Im Nordwesten Nigerias haben Bewaffnete eine Schule angegriffen und nach Angaben von Anrainern und eines Lehrers mehr als 200 Kinder entführt. Sani Abdullahi, einer der Lehrer der Schule im Distrikt Chikun, sagte bei einem Besuch von Vertretern des Teilstaats, dass die Beschäftigten der Schule mit vielen Schülern hätten fliehen können, als die Täter am Donnerstag in der Früh angriffen und in die Luft schossen. Nach ihren Zählungen würden aber immer noch mehr als 280 Kinder vermisst.


„Zum jetzigen Zeitpunkt können wir noch nicht sagen, wie viele Kinder oder Schüler entführt worden sind“, sagte der Gouverneur von Kaduna, Uba Sani, am Donnerstag vor Reportern in Kuriga. „Kein Kind wird zurückgelassen werden.“ Polizei und andere Behörden machten keine Angaben zur Anzahl der Entführten. Oft wird die Anzahl der Opfer nach unten korrigiert, weil einige vor Angriffen fliehen und später nach Hause zurückkehren können.

In den vergangenen Jahren wurden bei Massenentführungen in den Regionen im Nordwesten und im Zentrum Nigerias Hunderte Schulkinder und Studierende verschleppt – auch in Kaduna. Nach Wochen oder Monaten in versteckten Waldlagern wurden fast alle nach Zahlung von Lösegeld freigelassen.

Die Menschenrechtsorganisation Amnesty International verurteilte die Entführungen in Kaduna und rief die nigerianischen Behörden zu Schritten zur Verhinderung von Angriffen auf Schulen auf. „Schulen sollten Orte der Sicherheit sein, und kein Kind sollte zwischen seiner Bildung und seinem Leben wählen müssen“, erklärte die Organisation im Onlinedienst X.

Präsident versprach Besserung

Entführungen sind ein großes Problem in Nigeria. Neben den Jihadisten im Nordosten hat der bevölkerungsreichste Staat Afrikas mit kriminellen Banden im Nordwesten und Gewalt zwischen Gemeinden im Zentrum des Landes zu kämpfen. Präsident Bola Ahmed Tinubu war im vergangenen Jahr mit dem Versprechen gewählt worden, etwas gegen die schlechte Sicherheitslage in Nigeria zu tun. Kritikern zufolge hat sich seither jedoch nicht viel getan.
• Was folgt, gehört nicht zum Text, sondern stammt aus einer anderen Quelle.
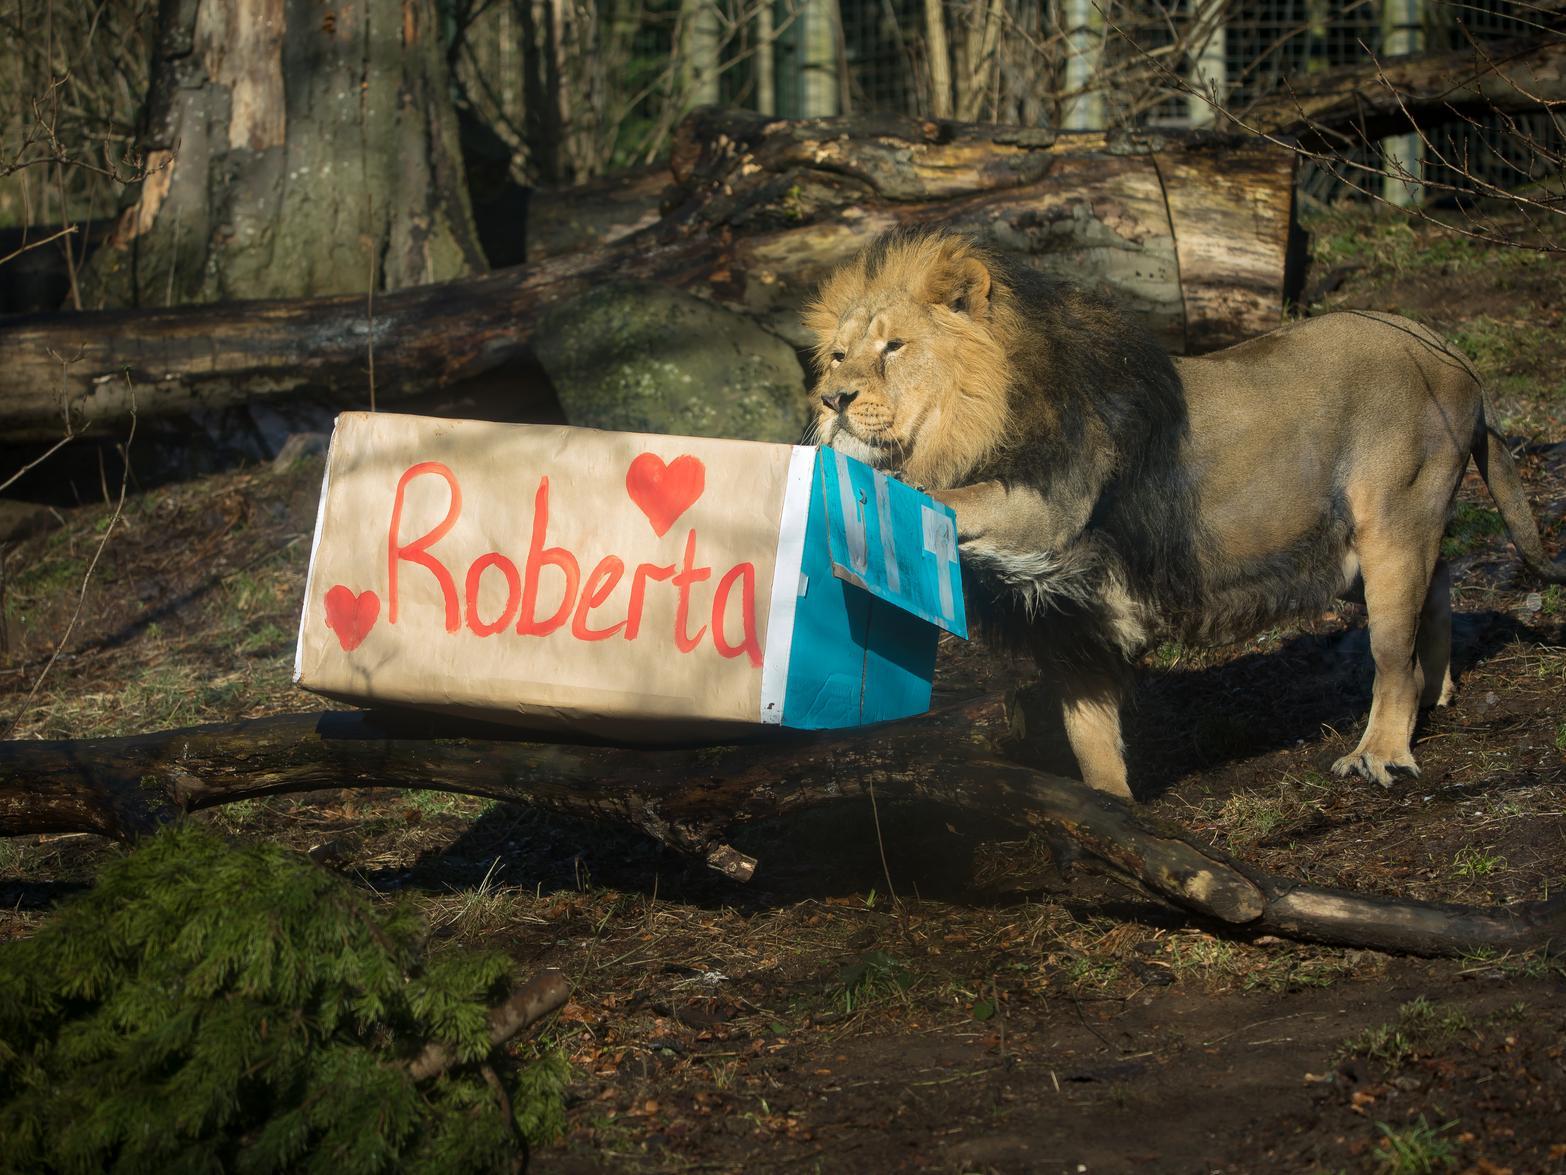 Roberta the lioness was selected to be paired with resident Edinburgh male Jayendra through the European Endangered Species Programme, which is run by experts at other zoos across Europe. RZSS/Sian Addison
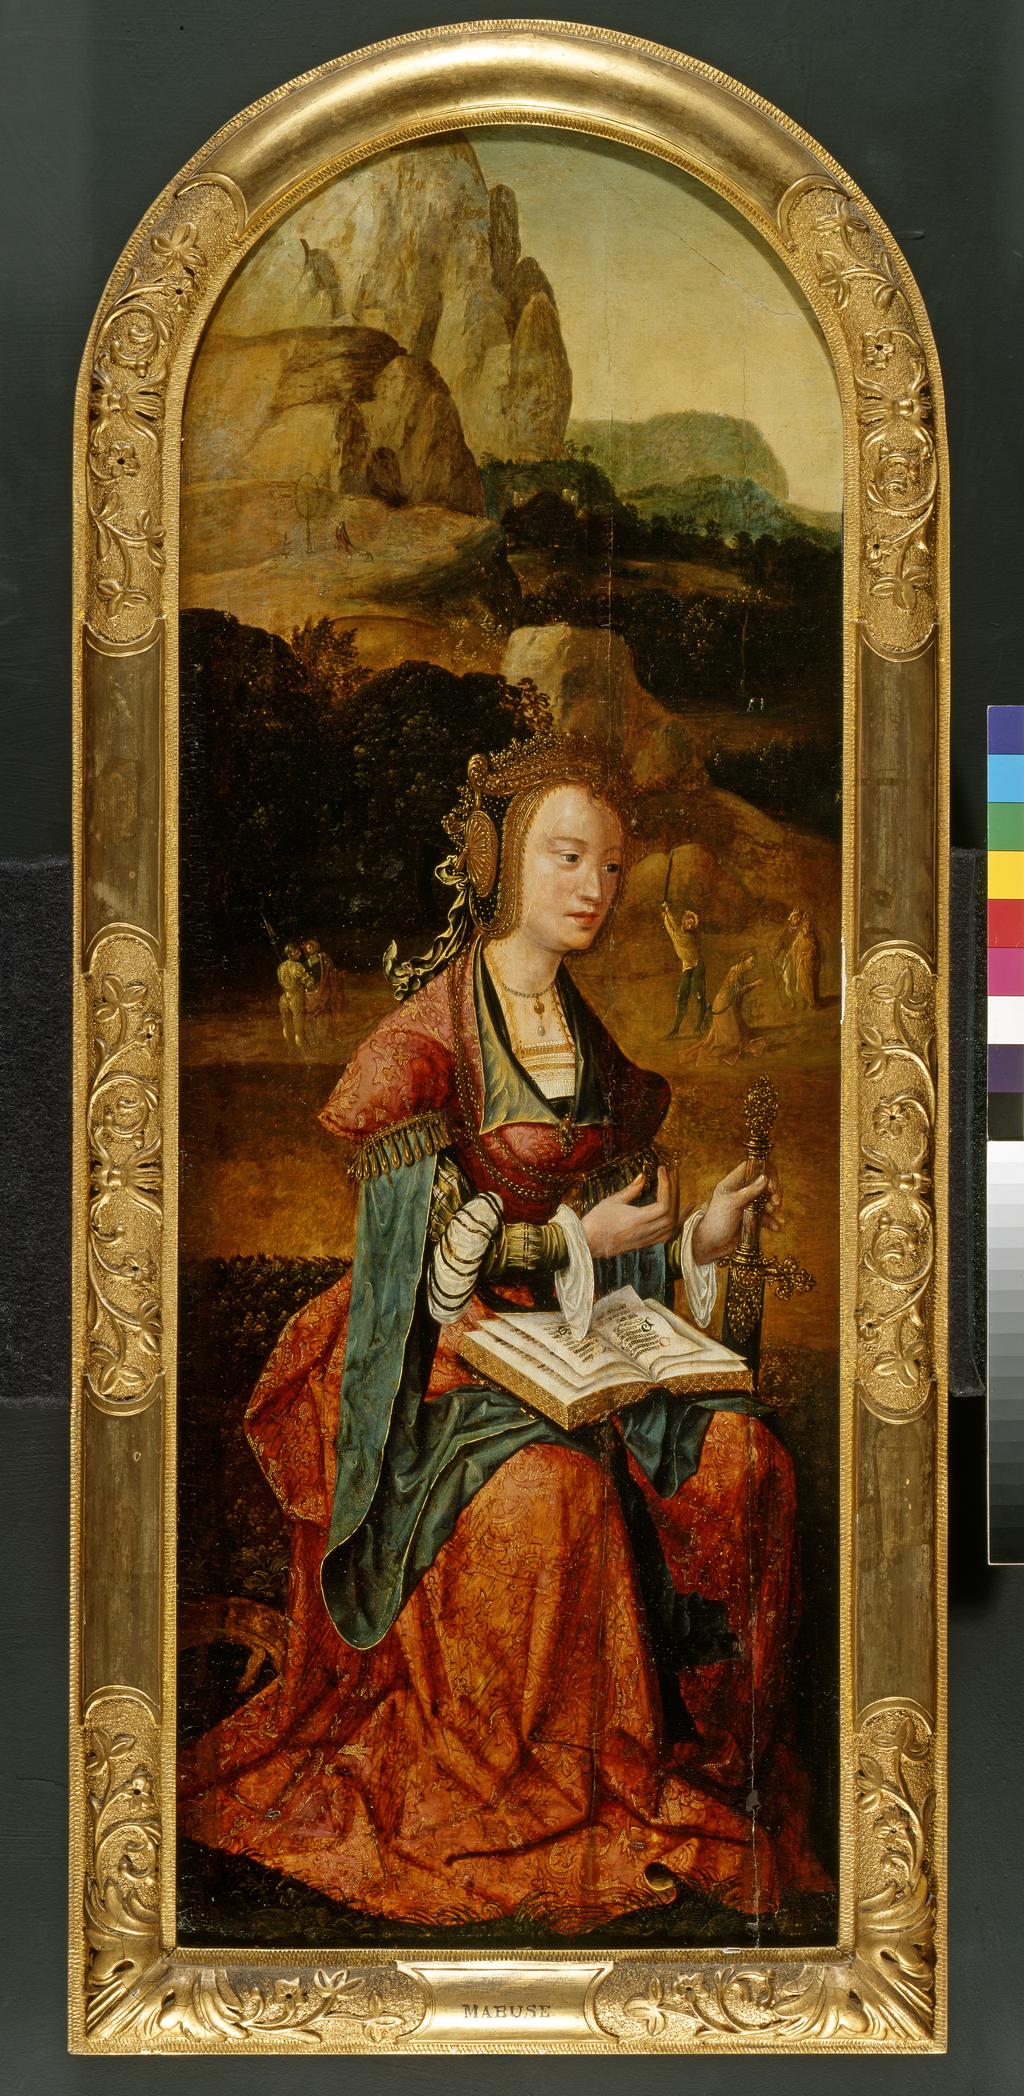 An image of St. Catherine of Alexandria. Unknown, Flemish. Oil on panel. Left wing of a triptych. For right see no. 2307. Height 86.5 cm, width 31.8 cm. Early 16th Century.

Ende Februar war es bereits im nordöstlichen Teilstaat Borno zu einer Massenentführung von Binnenvertriebenen gekommen. Nach Schätzungen der Vereinten Nationen wurden dabei mehr als 200 Menschen verschleppt. Eine genaue Zahl der Entführten war auch in diesem Fall nicht bekannt.

Seit 2014 haben die islamistische Terrormiliz Boko Haram sowie kriminelle Gruppen zahlreiche Frauen und Kinder im Norden des bevölkerungsreichsten Landes Afrikas mit rund 220 Millionen Einwohnern entführt. Dabei geht es entweder um die Erpressung von Lösegeld, Zwangsrekrutierung in bewaffnete Gruppen oder sexuelle Gewalt. Vor fast genau zehn Jahren, im April 2014, sorgte die Entführung von 276 Schülerinnen aus ihrem Internat in der Stadt Chibok für weltweites Entsetzen. Viele der Mädchen sind noch immer vermisst.